I want to set down some general remarks about tramps. When one comes to think of it, tramps are a queer product and worth thinking over. It is queer that a tribe of men, tens of thousands in number, should be marching up and down England like so many Wandering Jews. But though the case obviously wants considering, one cannot even start to consider it until one has got rid of certain prejudices. These prejudices are rooted in the idea that every tramp, IPSO FACTO, is a blackguard. In childhood we have been taught that tramps are blackguards, and consequently there exists in our minds a sort of ideal or typical tramp—a repulsive, rather dangerous creature, who would die rather than work or wash, and wants nothing but to beg, drink, and rob hen-houses. This tramp-monster is no truer to life than the sinister Chinaman of the magazine stories, but he is very hard to get rid of. The very word ‘tramp’ evokes his image. And the belief in him obscures the real questions of vagrancy.

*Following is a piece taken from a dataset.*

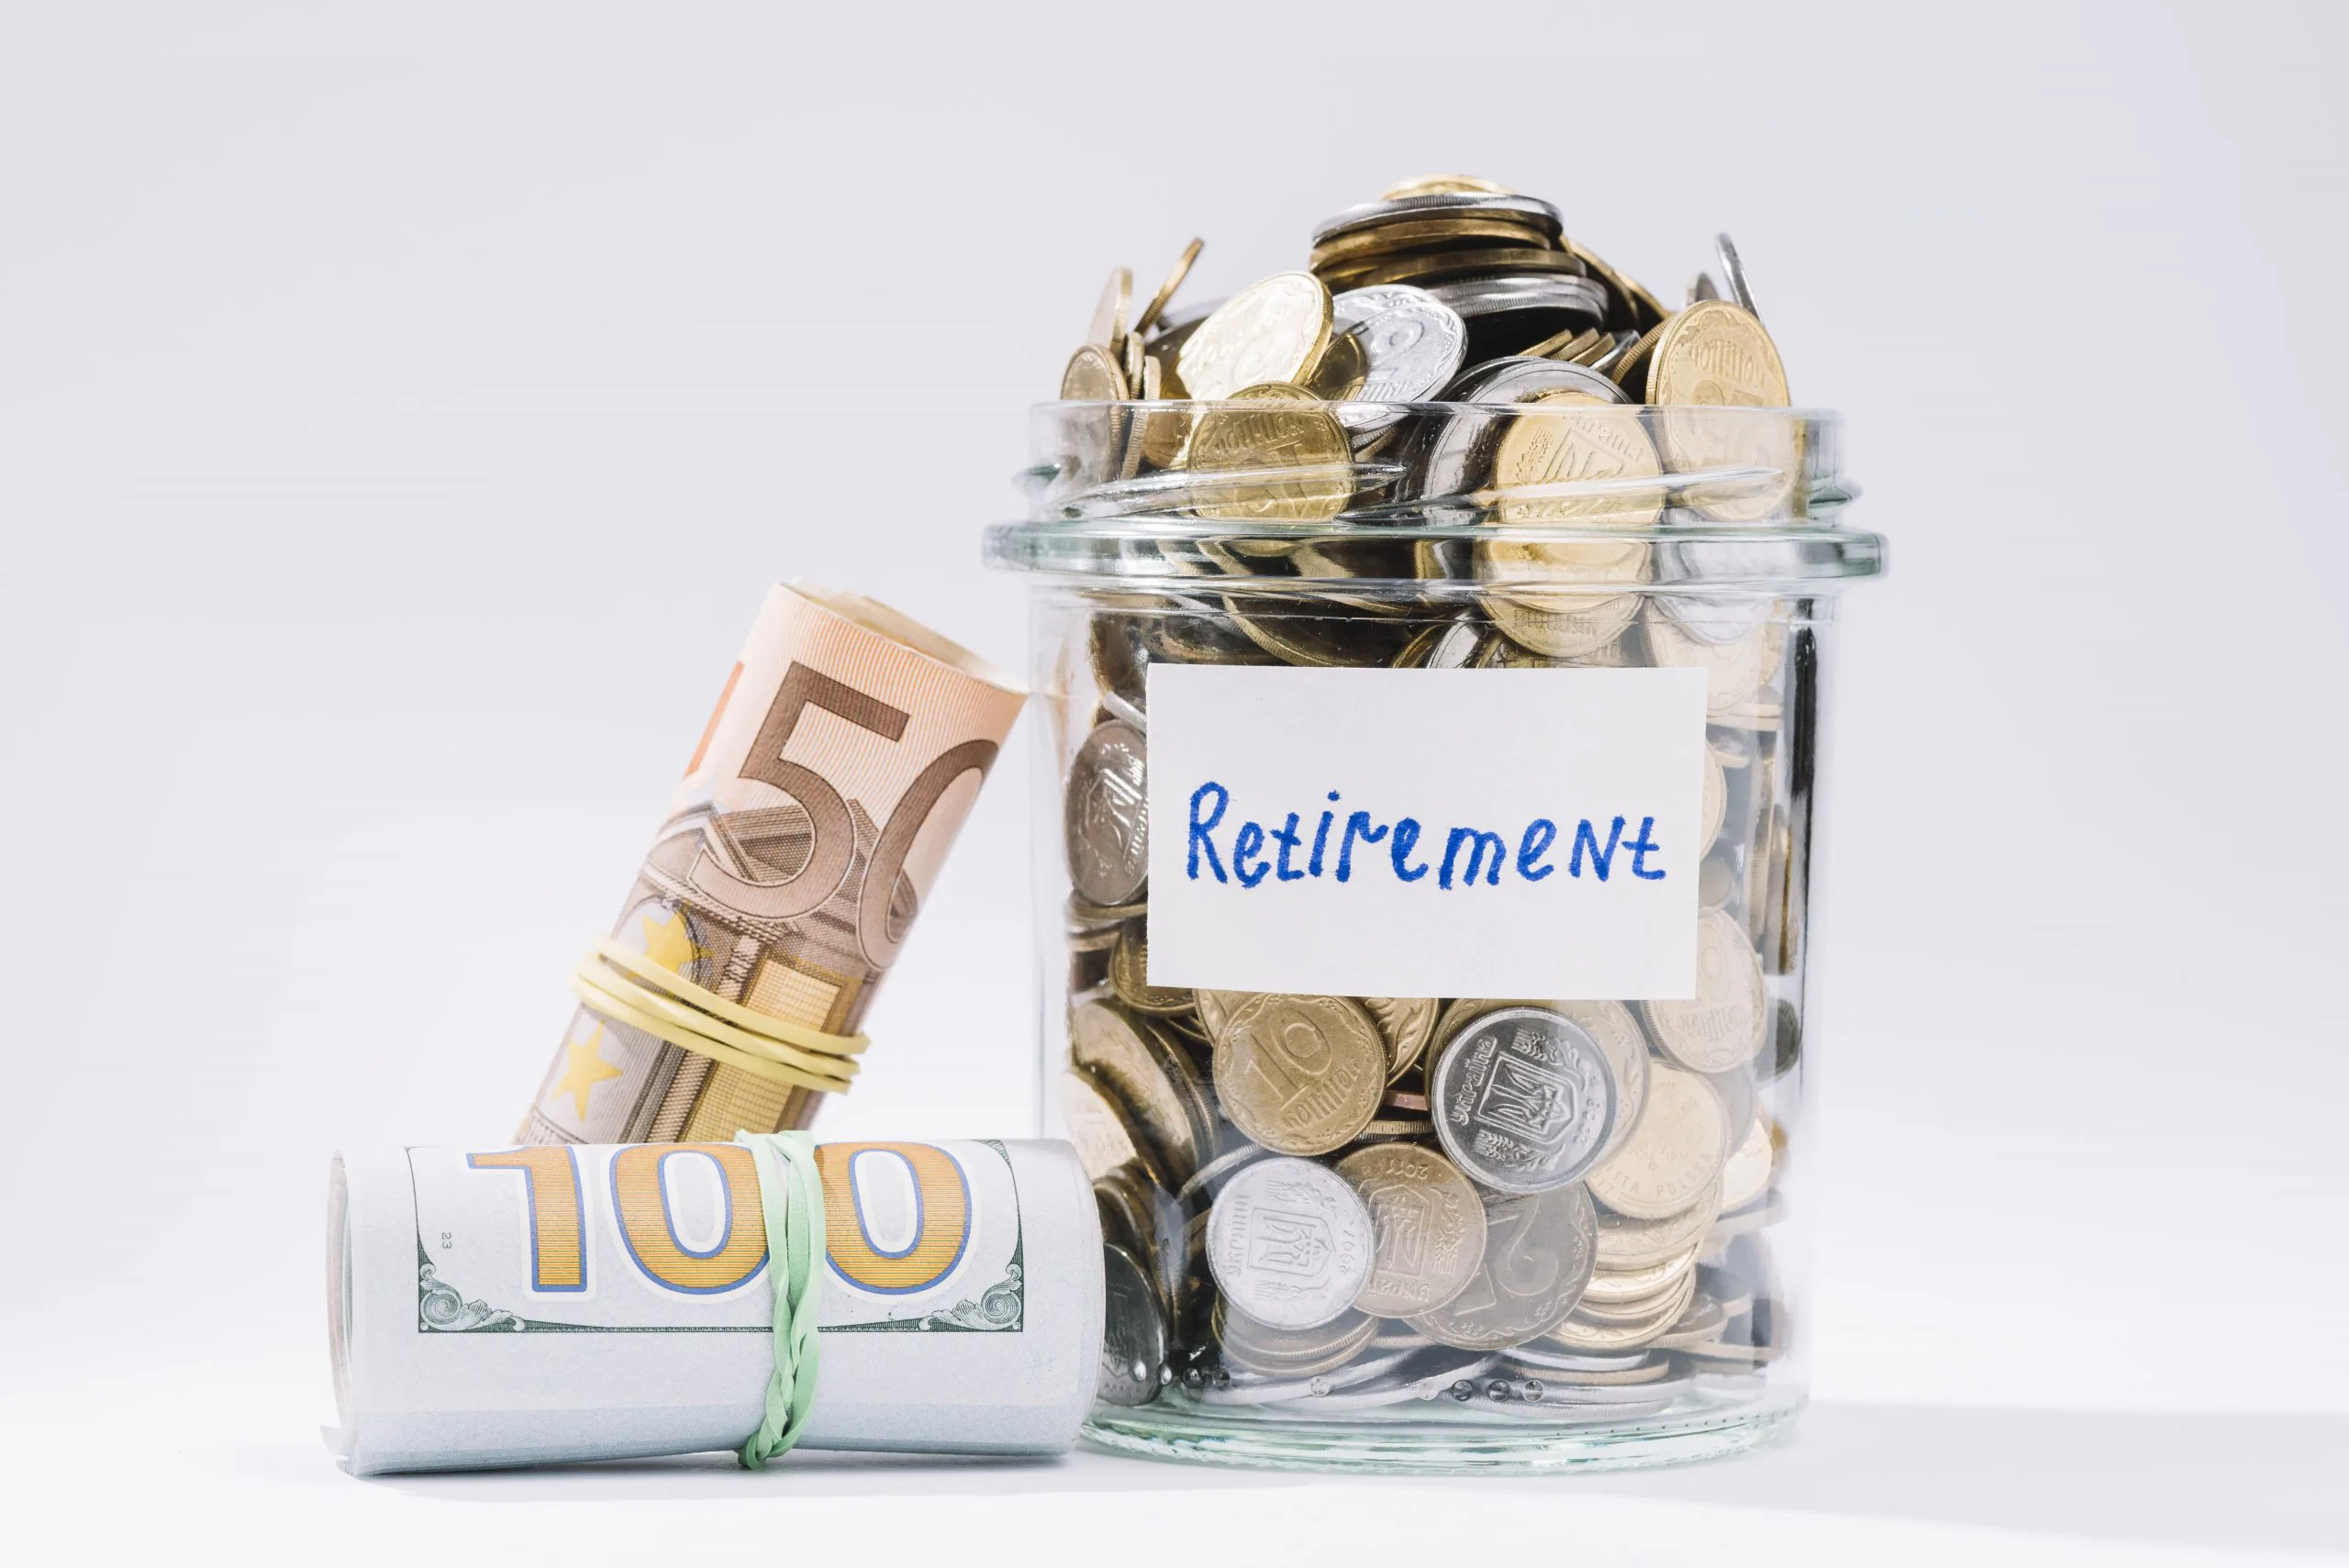 Retirement Planning: When Is The Right Time To Start?

To take a fundamental question about vagrancy: Why do tramps exist at all? It is a curious thing, but very few people know what makes a tramp take to the road. And, because of the belief in the tramp-monster, the most fantastic reasons are suggested. It is said, for instance, that tramps tramp to avoid work, to beg more easily, to seek opportunities for crime, even—least probable of reasons—because they like tramping. I have even read in a book of criminology that the tramp is an atavism, a throw-back to the nomadic stage of humanity. And meanwhile the quite obvious cause of vagrancy is staring one in the face. Of course a tramp is not a nomadic atavism—one might as well say that a commercial traveller is an atavism. A tramp tramps, not because he likes it, but for the same reason as a car keeps to the left; because there happens to be a law compelling him to do so. A destitute man, if he is not supported by the parish, can only get relief at the casual wards, and as each casual ward will only admit him for one night, he is automatically kept moving. He is a vagrant because, in the state of the law, it is that or starve. But people have been brought up to believe in the tramp-monster, and so they prefer to think that there must be some more or less villainous motive for tramping.

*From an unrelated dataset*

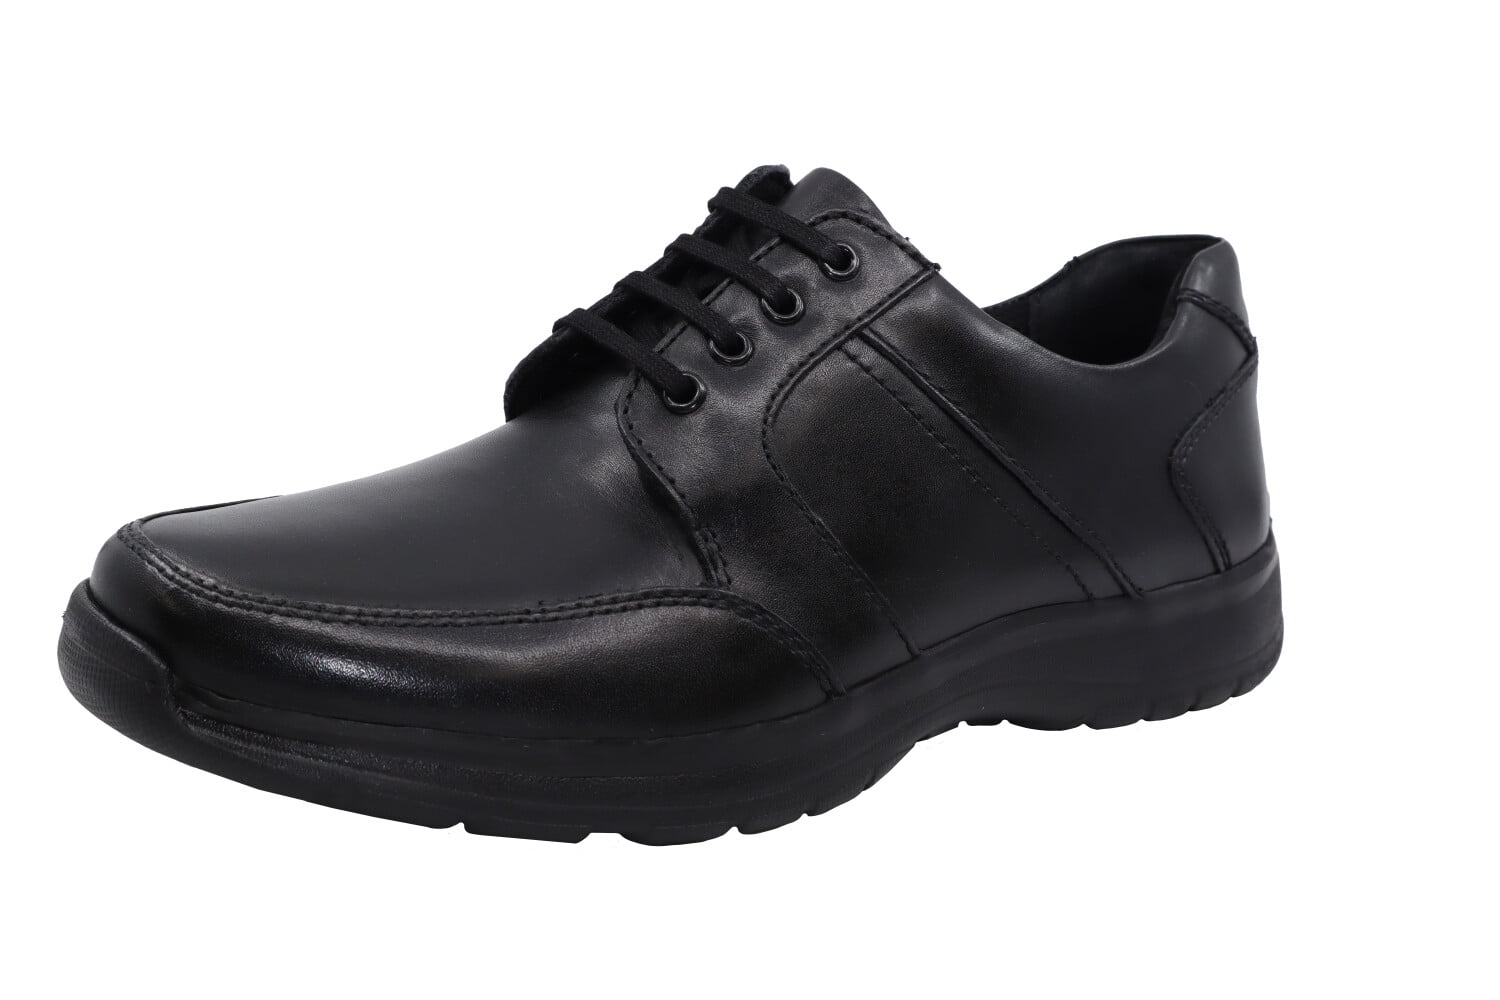 Hush Puppies Men's Leader Henson Black Ankle-High Leather Oxford - 14 W ...

As a matter of fact, very little of the tramp-monster will survive inquiry. Take the generally accepted idea that tramps are dangerous characters. Quite apart from experience, one can say A PRIORI that very few tramps are dangerous, because if they were dangerous they would be treated accordingly. A casual ward will often admit a hundred tramps in one night, and these are handled by a staff of at most three porters. A hundred ruffians could not be controlled by three unarmed men. Indeed, when one sees how tramps let themselves be bullied by the workhouse officials, it is obvious that they are the most docile, broken-spirited (...)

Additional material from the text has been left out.